Так сразу же после встречи с родными я оказался оторванным от них. Месяц проходил за месяцем, я сочинял все новые варианты письма домой, но все они по-прежнему конфисковывались из-за тех же пресловутых "условностей в тексте". Мама не понимала, что случилось, не находила себе места от беспокойства, требовала от администрации тюрьмы ответа: жив ли сын? В ту пору ее здоровье совсем разладилось. Я предполагал это и, желая поскорее успокоить мать, писал совсем коротко: рассказывал лишь о своем здоровье и приводил список корреспонденции, полученной мной, но ничто не помогало...
Где-то весной меня вызвал на беседу новый начальник тюрьмы, капитан Романов, хмурый человек с испитым лицом. В нем не было ни хитрости Осина, ни простодушия Малофеева, лишь постоянная ожесточенность да комплекс неполноценности, ему все время казалось, что я с ним недостаточно уважительно разговариваю, не так на него смотрю, не так улыбаюсь.
- Вы что ухмыляетесь? - взорвался вдруг Романов в самом начале нашей встречи. - Вы здесь не в своем институте на кафедре выступаете! Вы тут не с иностранцами якшаетесь! Вы - уголовный преступник, а я - ваш начальник, и будете делать то, что я вам говорю! Хотите, чтобы ваши письма дошли до матери - садитесь и пишите: я жив, здоров, работой обеспечен, беспокоиться за меня не надо. И все! Точка! Ничего другого я не пропущу.
- Может, разрешите хоть привет передать брату? - спросил я с иронией.
- Кому сказал: оставить ухмылки! - побагровел он. - Никаких приветов тете Мане, дяде Пете! Пишите только матери, больше никого не смейте упоминать.
- А как насчет жены в Израиле? - спросил я для того лишь, чтобы все окончательно встало на свои места.
- Об Израиле забудьте! Не для того мы вас в тюрьму посадили, чтобы вы с заграницей переписывались. И жены у вас никакой там нет!
Больше с ним мне разговаривать было не о чем. Даже если считать грубость Романова и абсурдные требования, предъявляемые им к переписке, издержками его тяжелого характера и принять во внимание то, что он всю жизнь имел дело с бытовиками и еще не привык к работе с политическими заключенными, нельзя было не почувствовать, что на сей раз КГБ, как видно, решил полностью прервать мою связь с домом. Во всяком случае все ответы, приходившие из прокуратуры СССР и РСФСР, ГУИТУ и УИТУ гласили: "В действиях администрации нарушения закона не обнаружено". А в личных беседах работники МВД и прокуратуры твердили:
- Если вы действительно жалеете мать, то успокойте ее. Напишите так, как вам говорят: жив, здоров, беспокоиться не надо.

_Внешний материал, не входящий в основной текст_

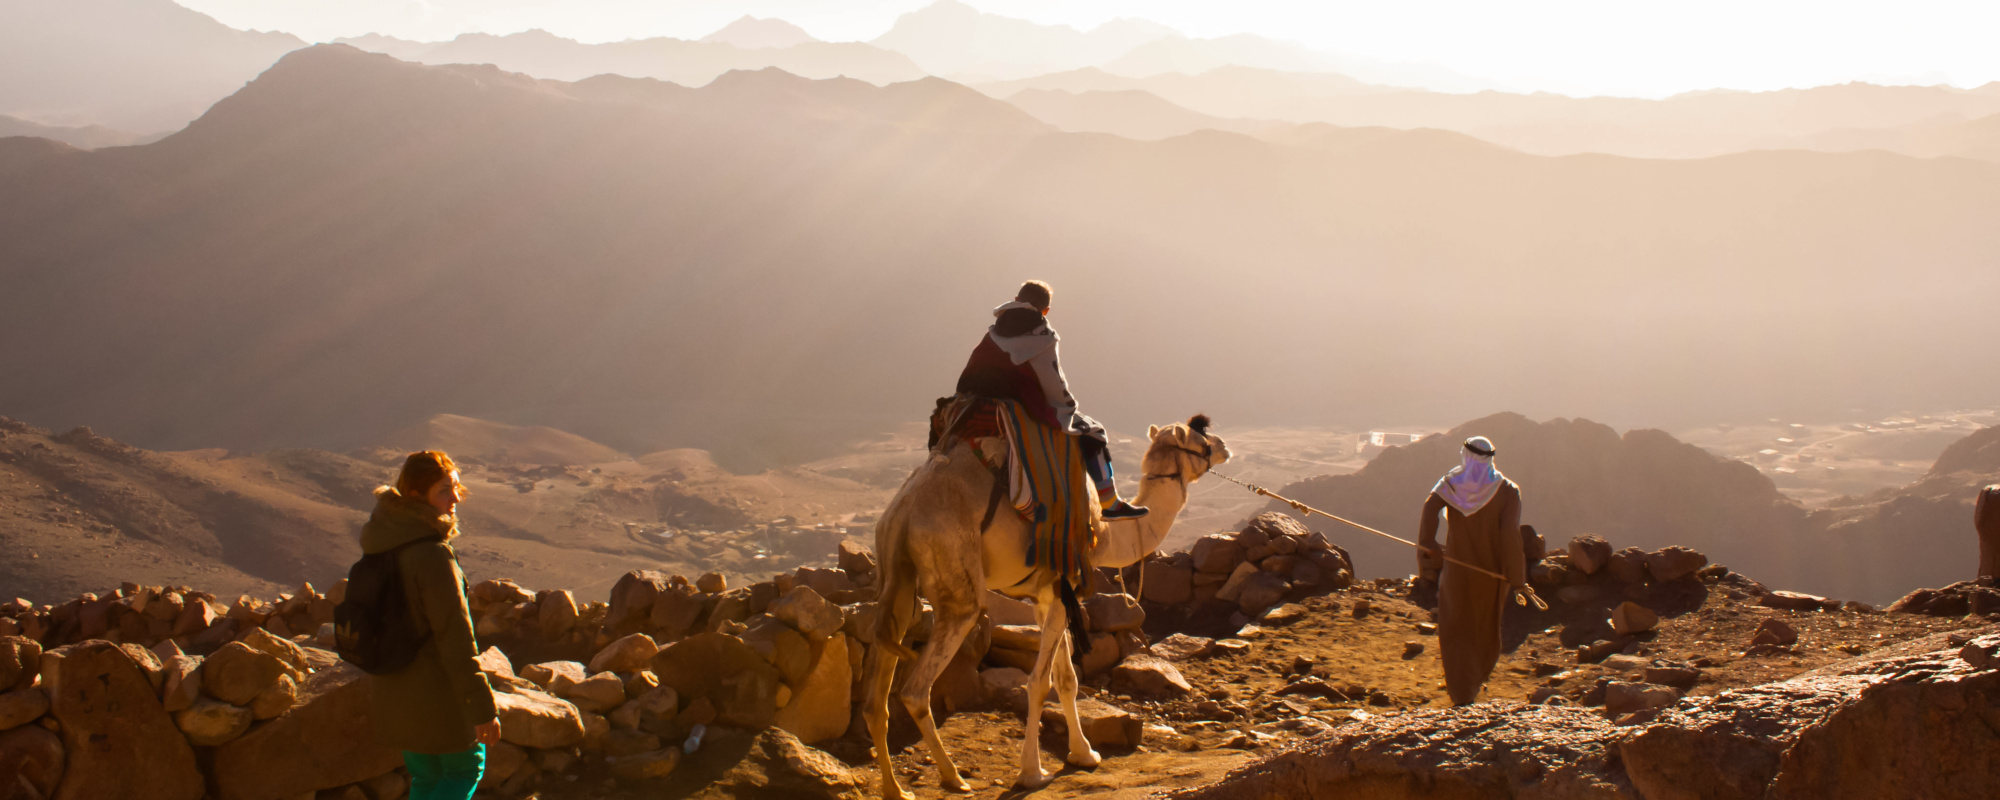 Ägypten - Kamel mit Reiter, Kamelführer, Frau laufend auf Mosesberg, im Hintergrund Berge und Tal

И приходила в голову мысль: а может, я и впрямь поступаю жестоко по отношению к родным? Может, стоит поступиться самолюбием и сделать то, что от меня требуют? По крайней мере, мама на какое-то время успокоится... Но мне было ясно, что письма, в которых я вдруг заговорю языком чиновников МВД, окажут на нее прямо противоположное действие: она разволнуется еще больше. Кроме того, если я один раз отступлю, откажусь от своего права писать на волю нормальные человеческие письма, вновь отстоять его будет невозможно и порвется единственная ниточка, связывающая меня с моим миром.
Итак, отступать нельзя, но и терпеть создавшуюся ситуацию бессмысленно. Значит - самому идти в атаку? Начать голодовку? Это слово буквально вертелось у меня на языке с того дня, когда власти демонстративно оборвали мою переписку с родными. Я еле сдержался, чтобы не объявить ее во время беседы с Романовым в ответ на его оскорбительные и наглые требования. Что же останавливало меня?
На сей раз действия властей нельзя было объяснить инициативой местного кагебешника, как в случае с изъятием ханукии, когда майору Осину пришлось спешно приобщаться к еврейской традиции, чтобы загасить конфликт, все высшие инстанции поддержали сейчас очевидное беззаконие. Значит, если я начну голодовку, она будет длительная - до тех пор, пока либо они отступят, либо я сломаюсь. Но мне проигрывать никак нельзя: дело ведь не только в переписке, которую прикроют окончательно, весь характер моих отношений с КГБ изменится, я перестану быть хозяином собственной судьбы. Но если идти до конца, то надо сделать так, чтобы на воле узнали о моей голодовке и поддержали ее сильным давлением на Советы извне.